--- Recorded data Enclosed Below ---
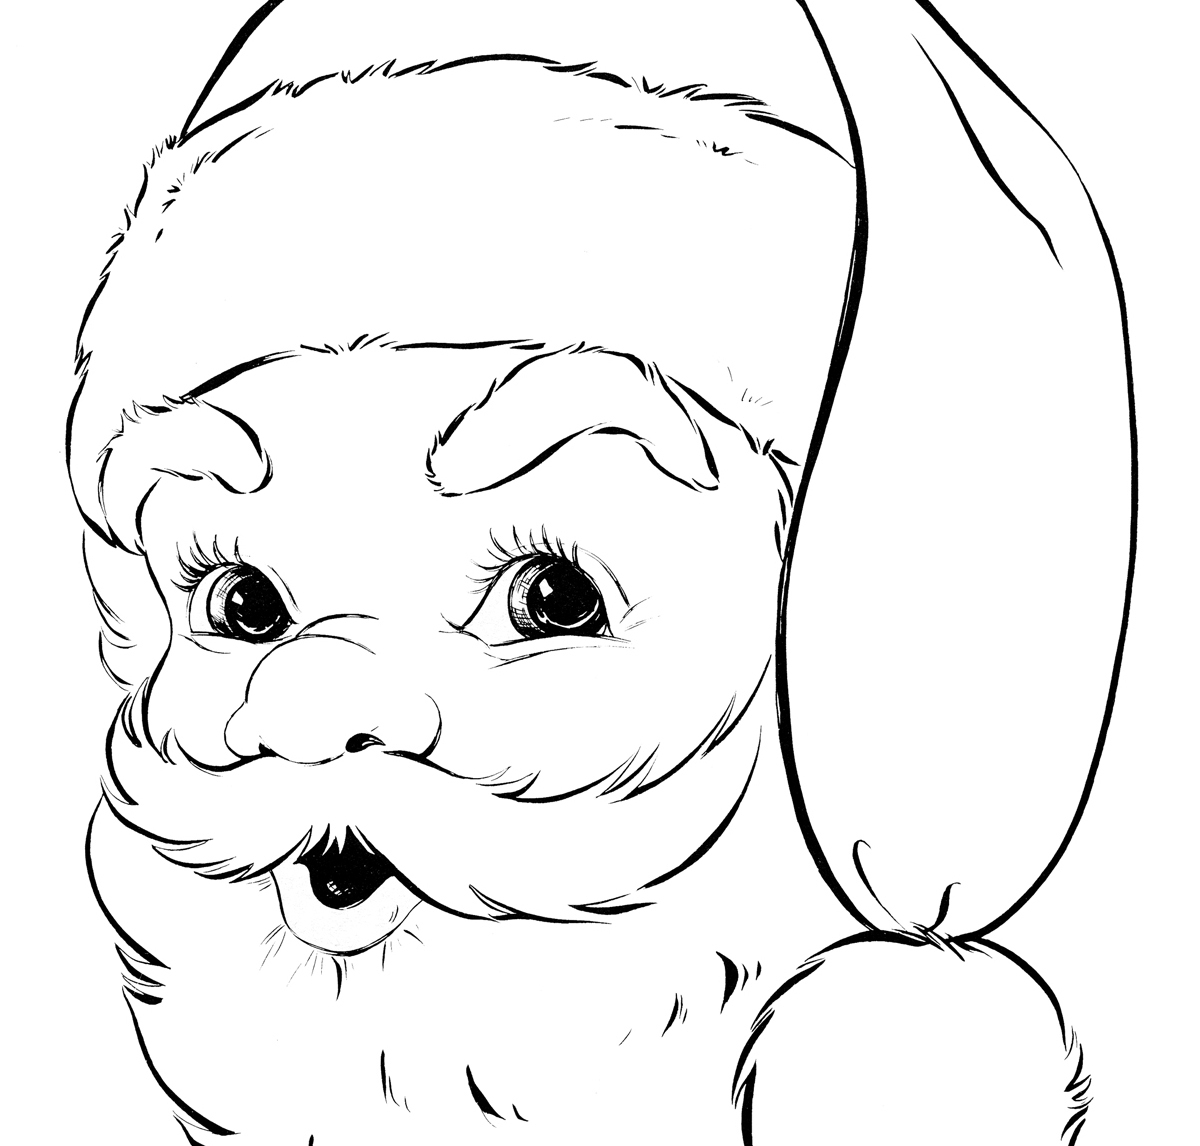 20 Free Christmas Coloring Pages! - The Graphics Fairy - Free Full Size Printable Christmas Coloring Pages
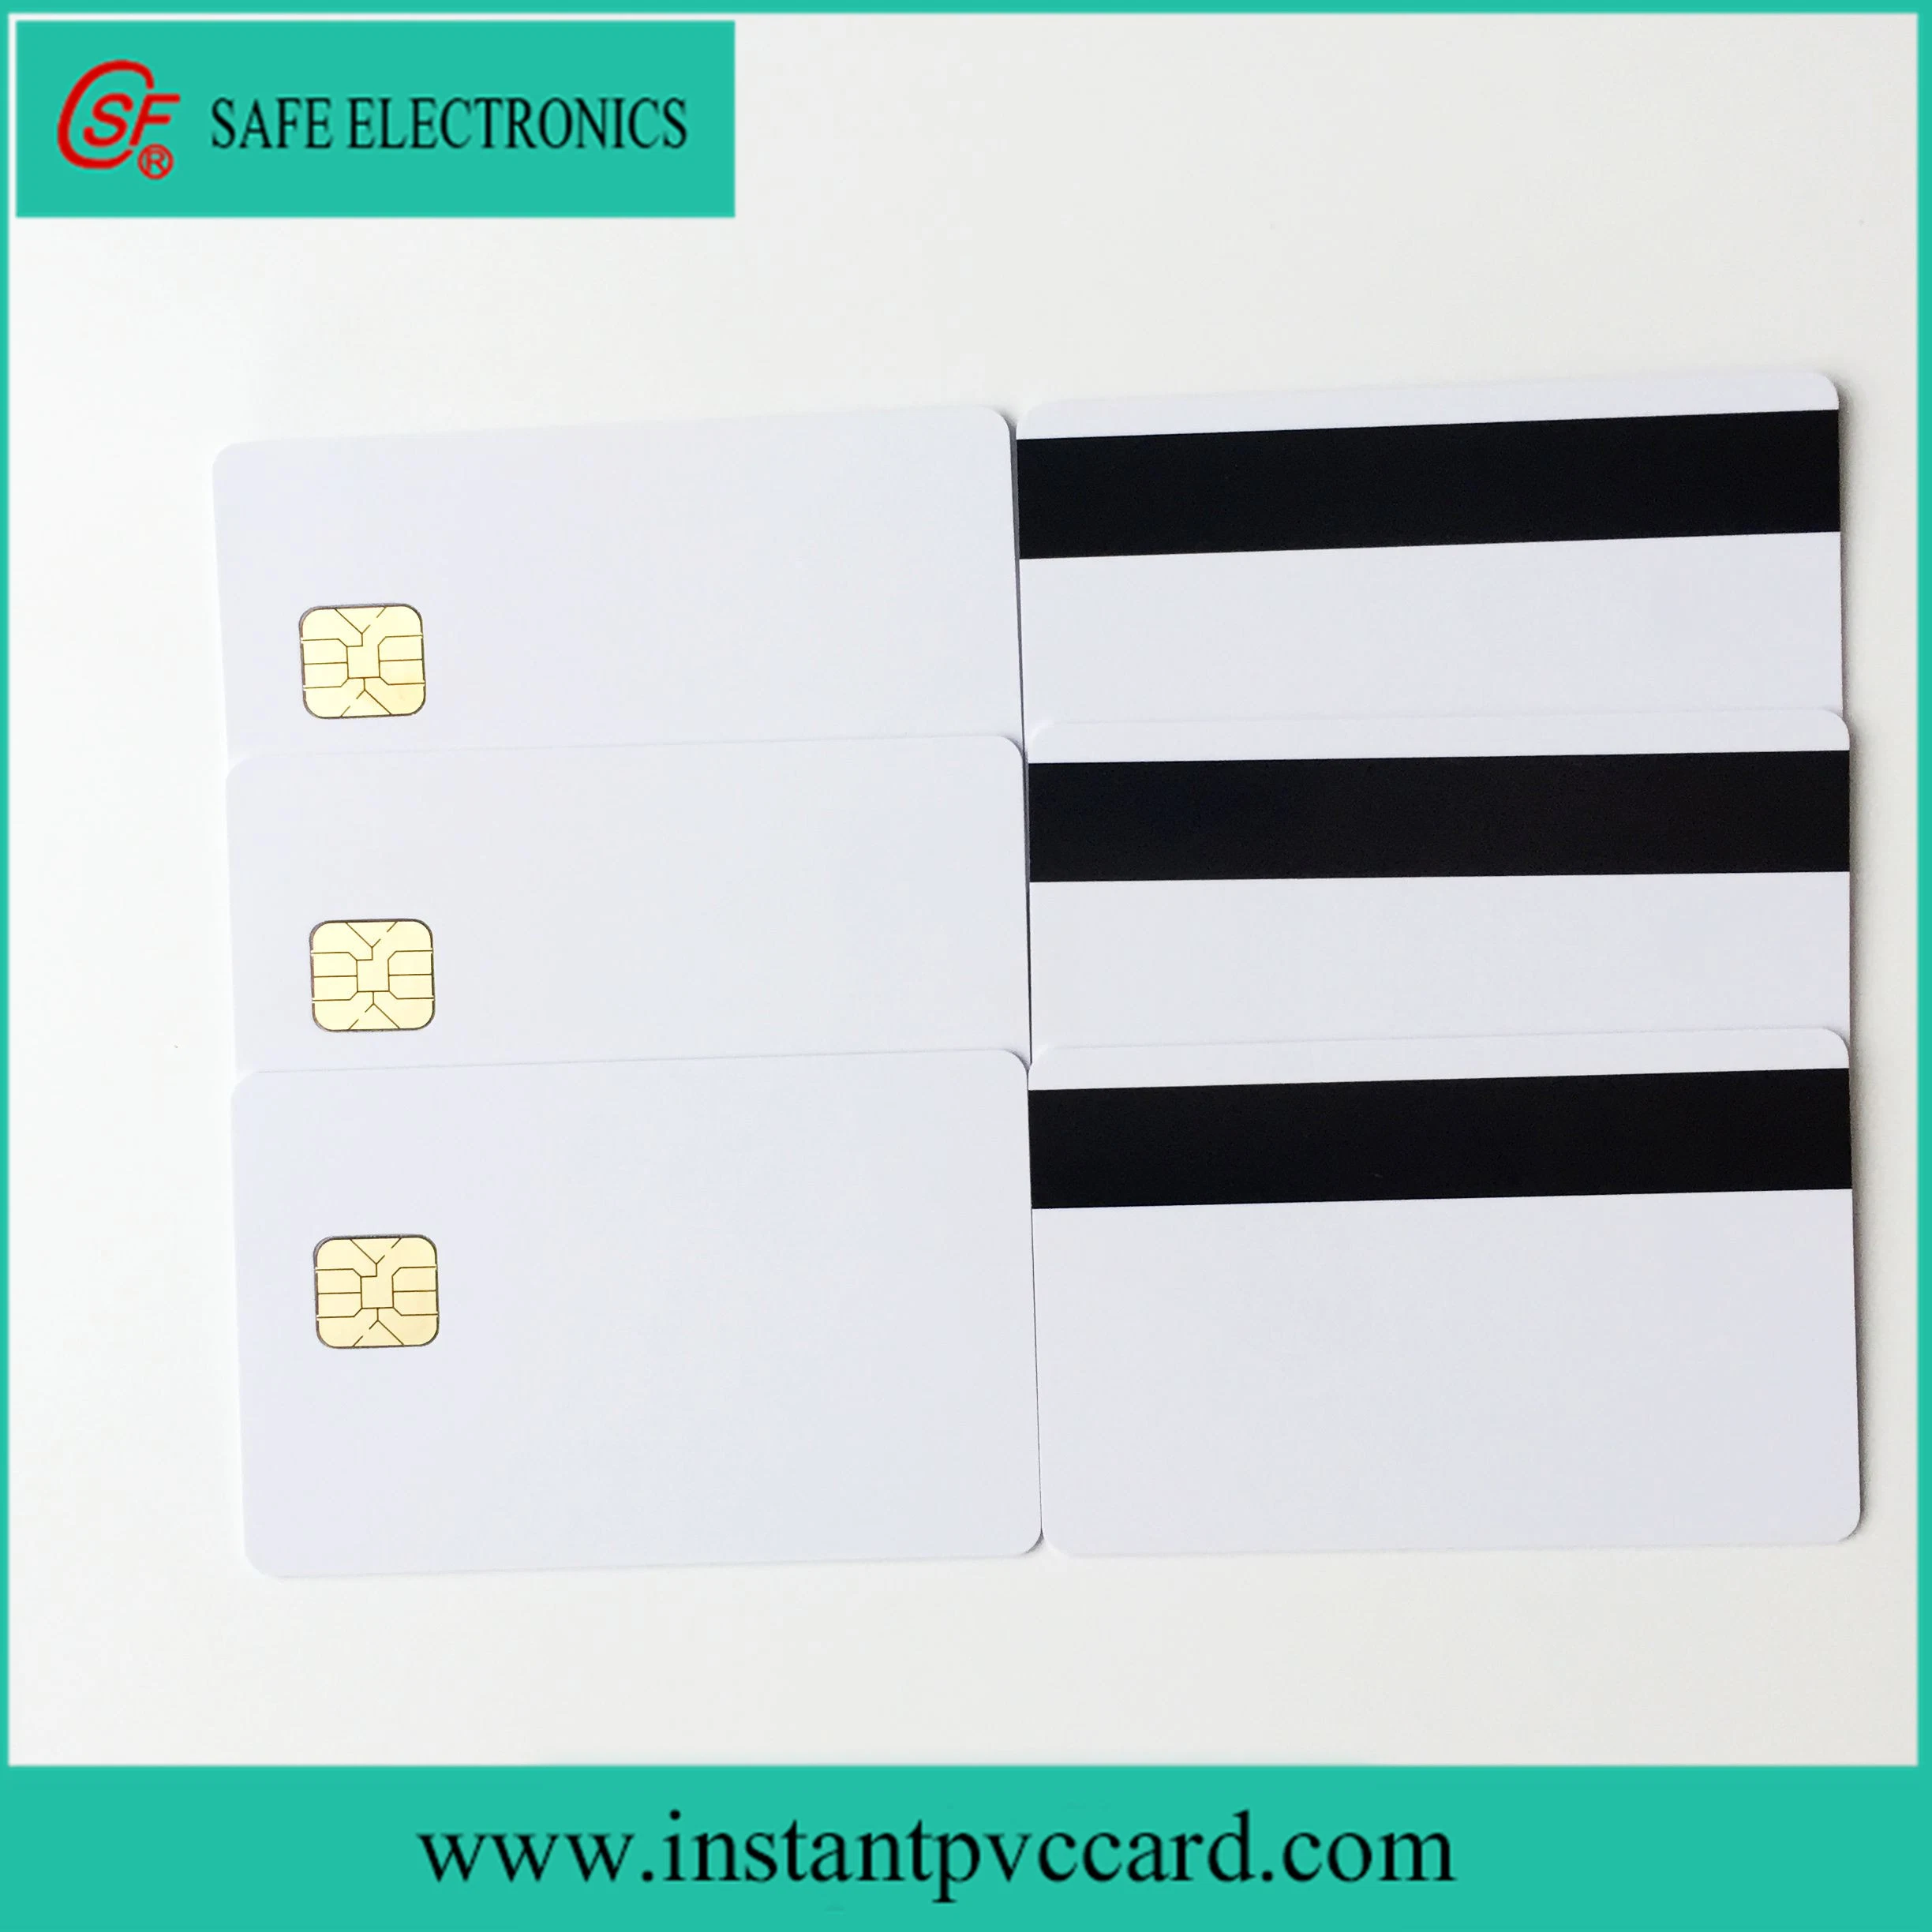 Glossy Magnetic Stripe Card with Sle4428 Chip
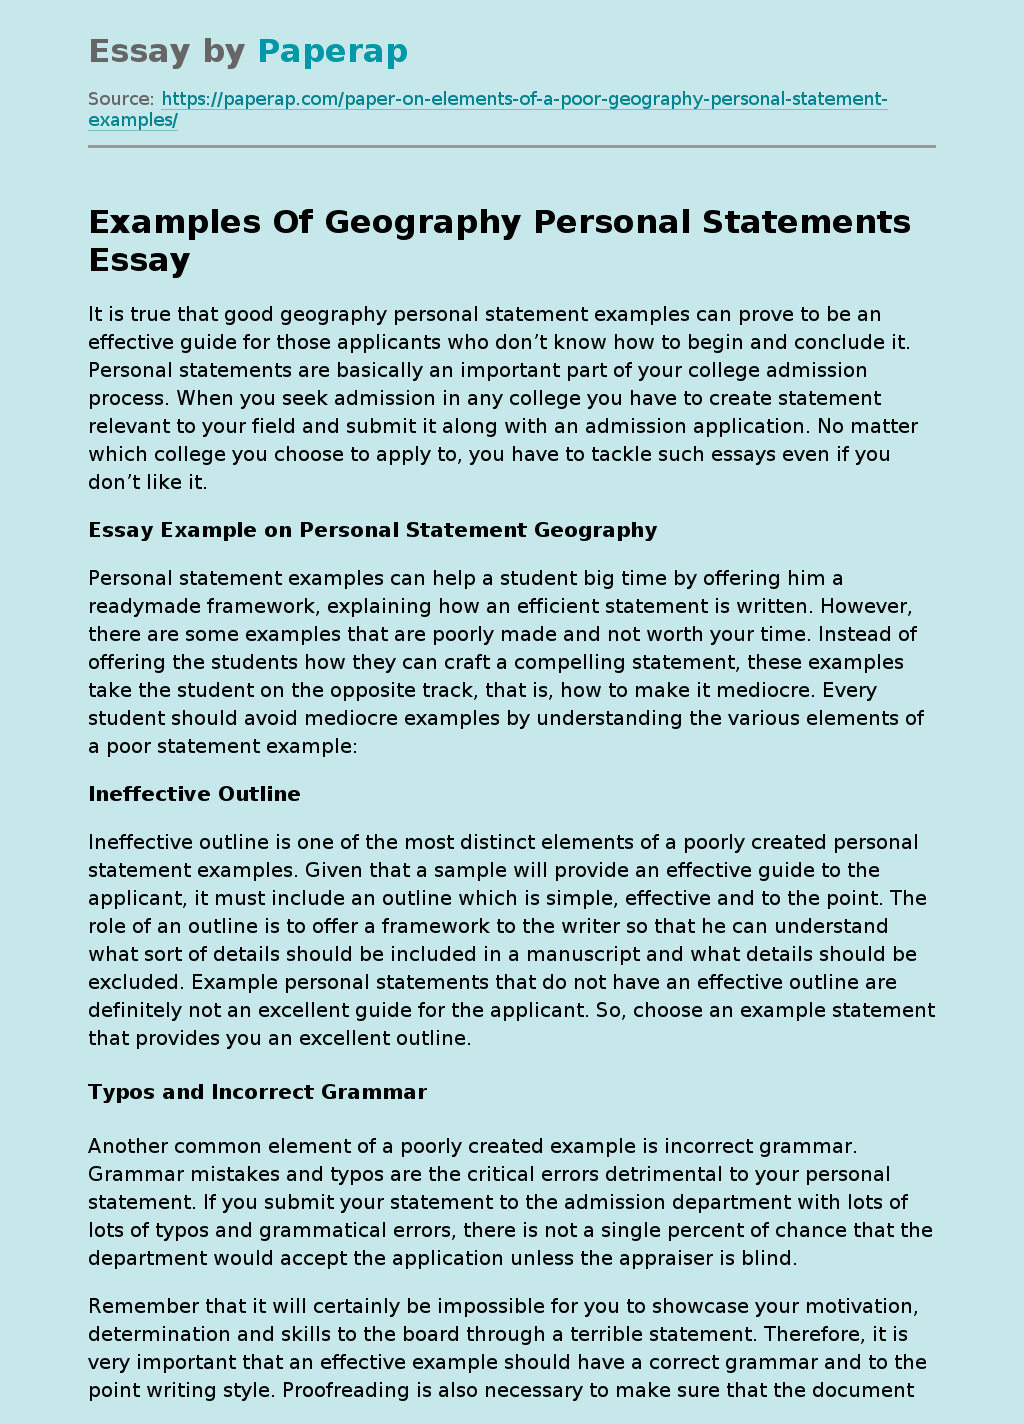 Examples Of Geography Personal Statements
--- End of Enclosed Recorded data ---
Aim of the exercise: Whenever a line holds a picture, print that line without the picture. All other data must be output exactly.

Response below:
 20 Free Christmas Coloring Pages! - The Graphics Fairy - Free Full Size Printable Christmas Coloring Pages
 Glossy Magnetic Stripe Card with Sle4428 Chip
 Examples Of Geography Personal Statements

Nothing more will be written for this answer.